Requirement: Write out all the data verbatim. Skip images.

Dataset content:
^^^^^^^^
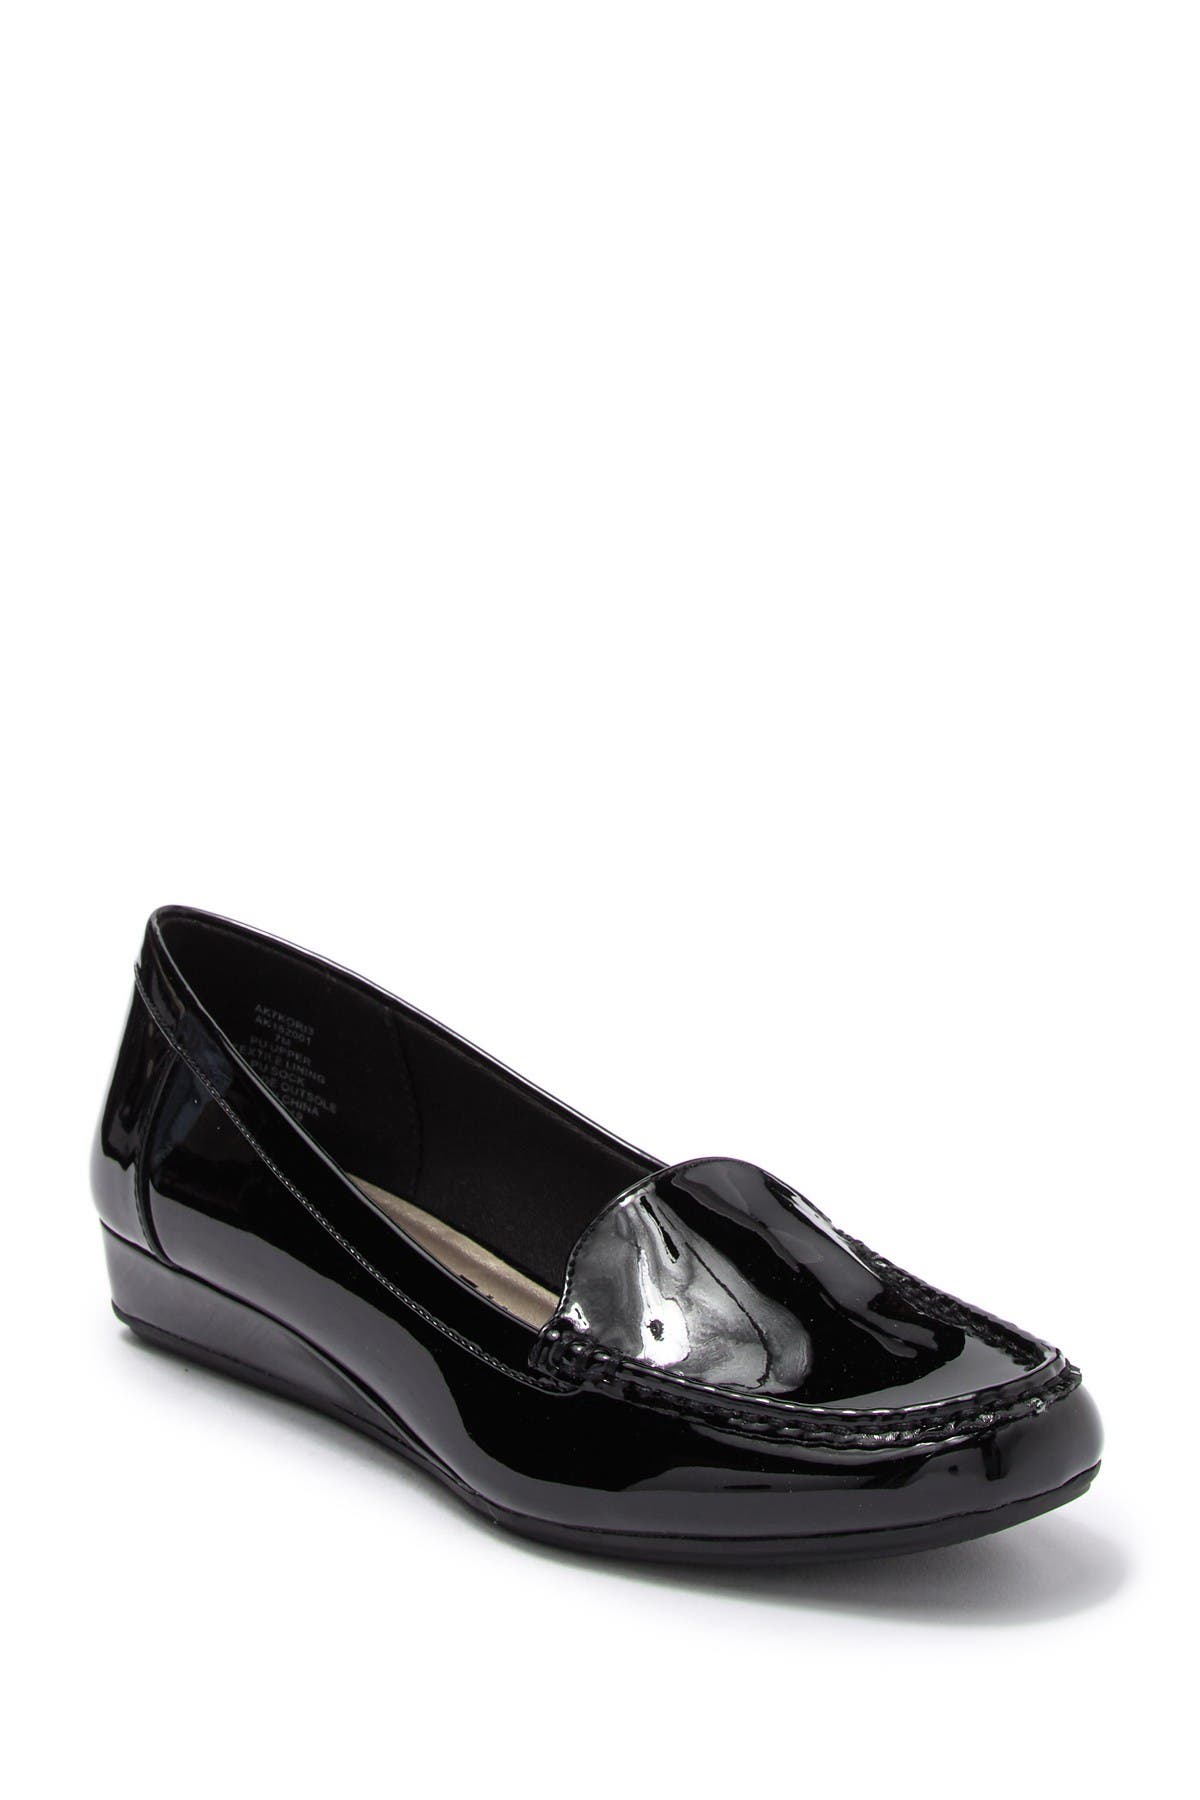 anne klein black patent leather loafers
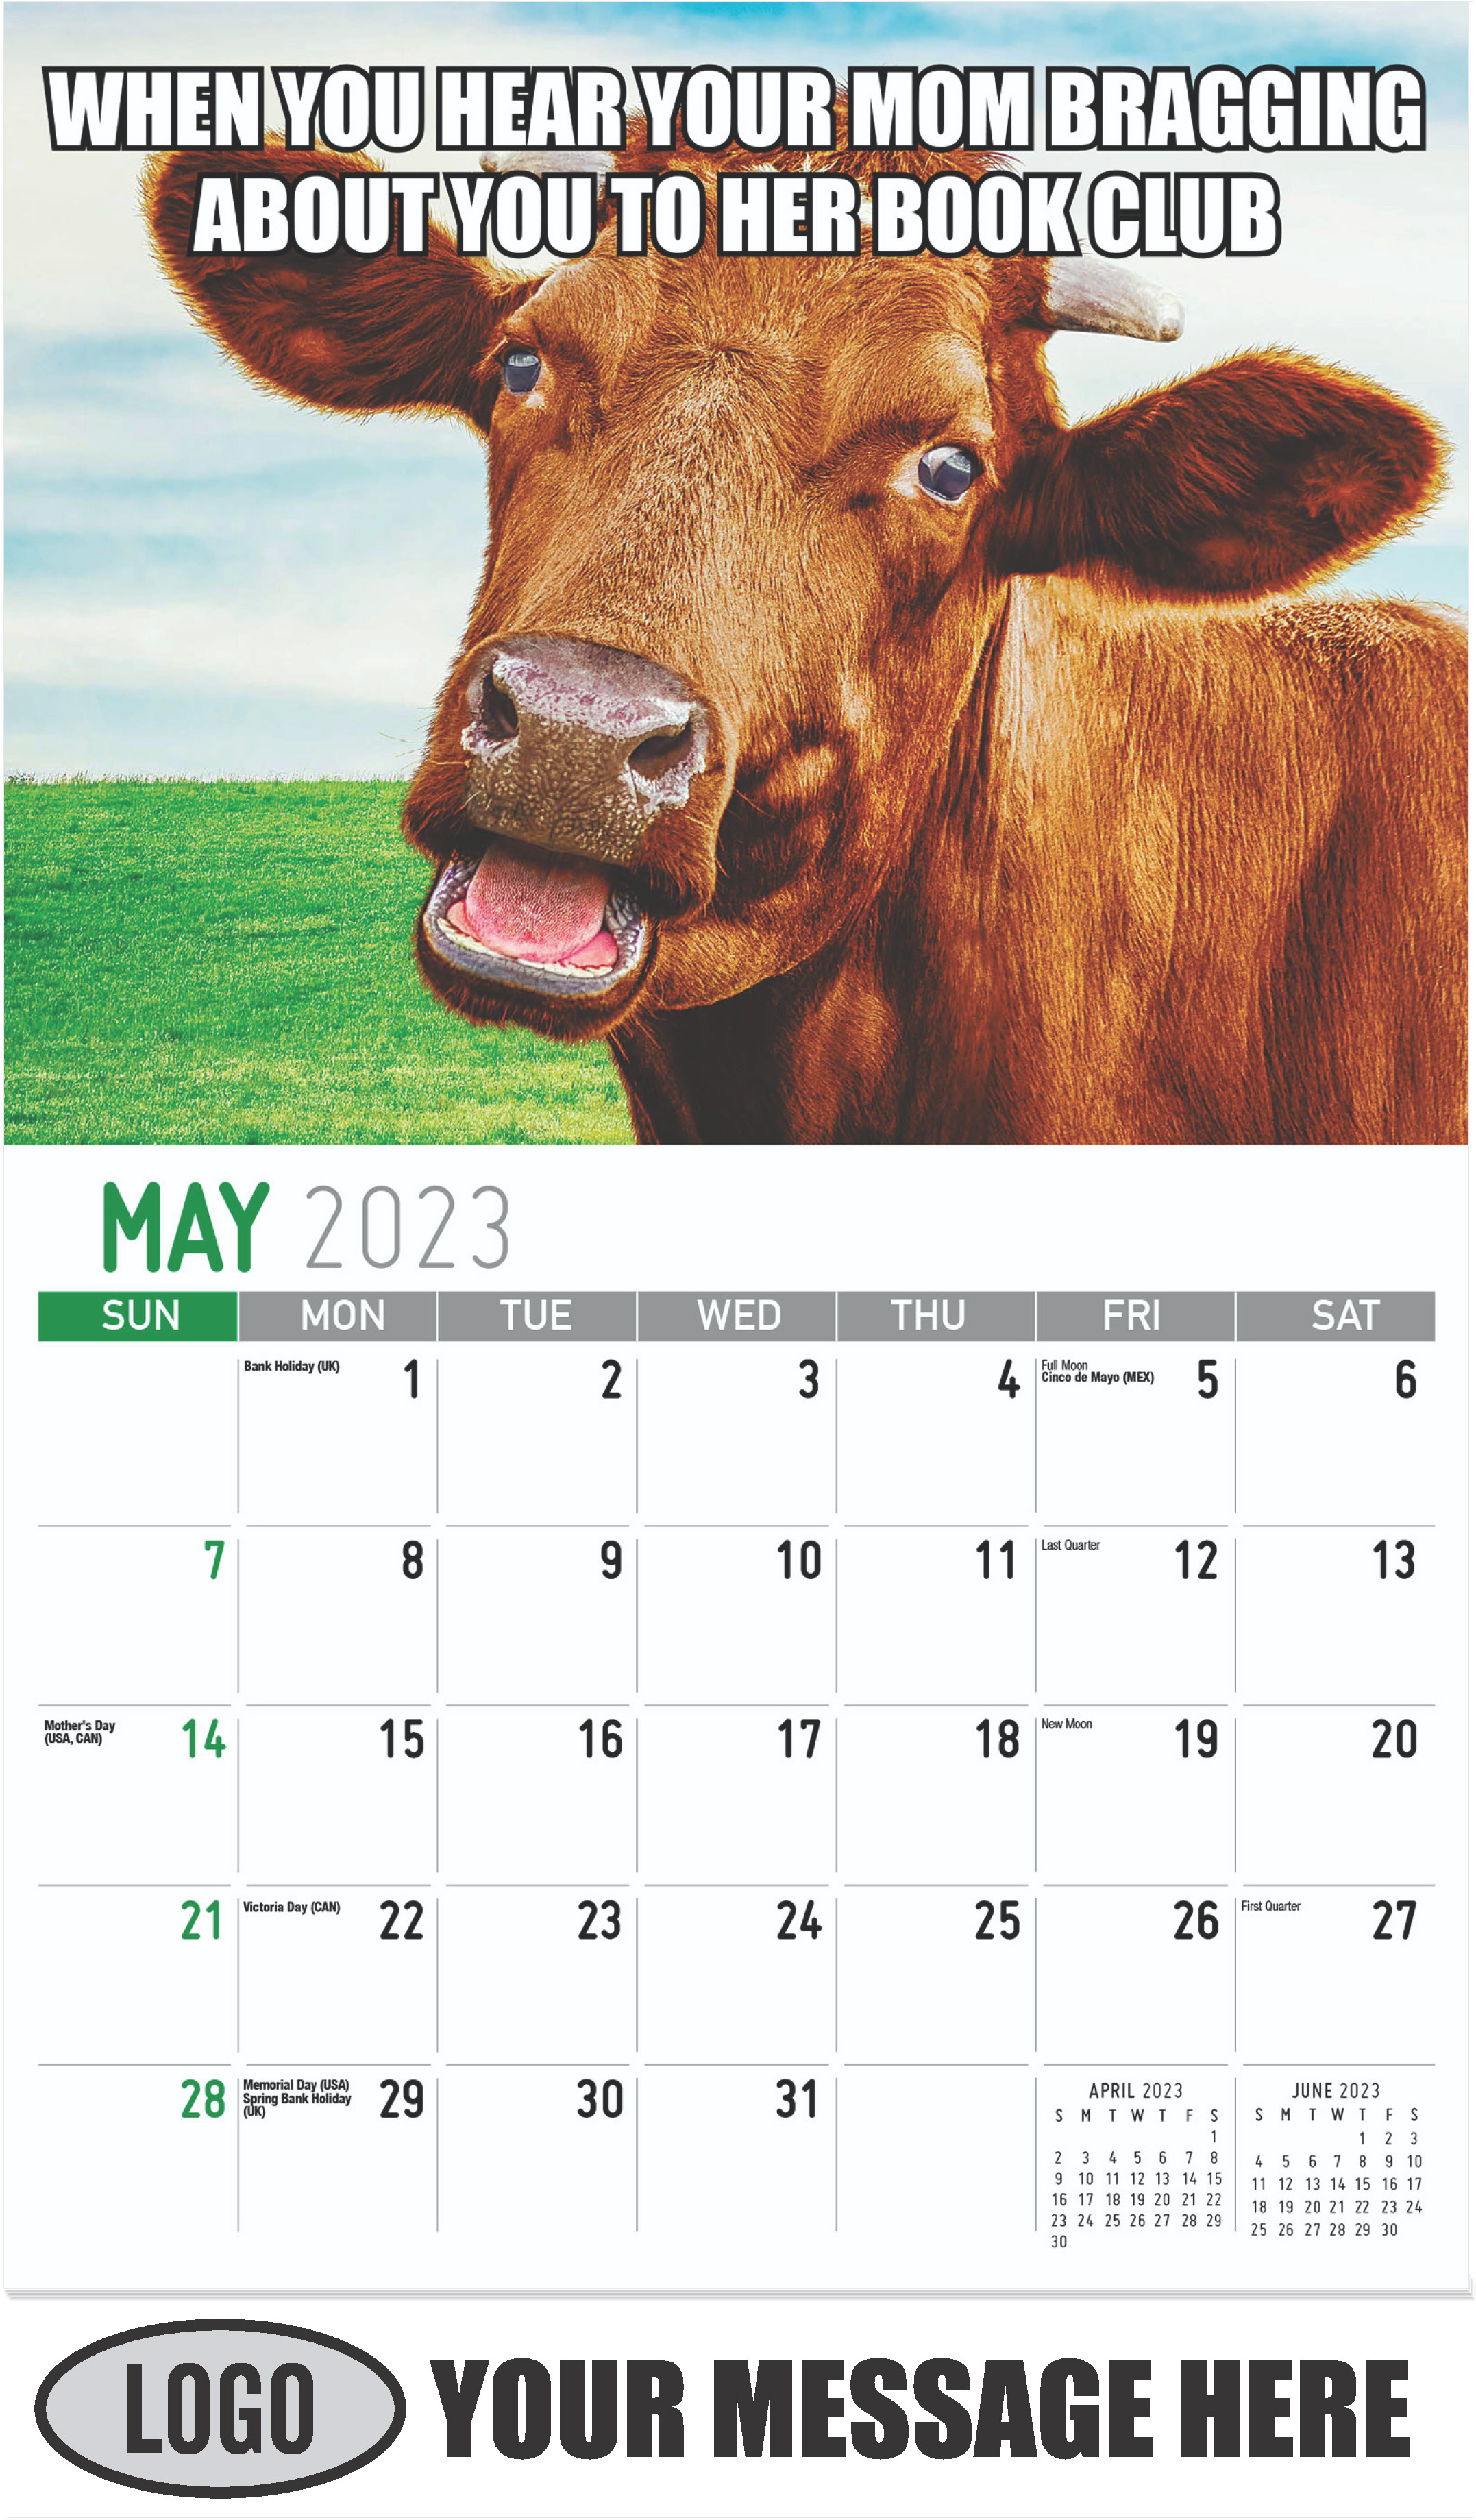 MY BOSS TOLD ME TO HAVE A GOOD DAY – SO I WENT HOME
 - May - The Memeing of Life 2023 Promotional Calendar
^^^^^^^^
Answer for the task:
 anne klein black patent leather loafers
 MY BOSS TOLD ME TO HAVE A GOOD DAY – SO I WENT HOME
 - May - The Memeing of Life 2023 Promotional Calendar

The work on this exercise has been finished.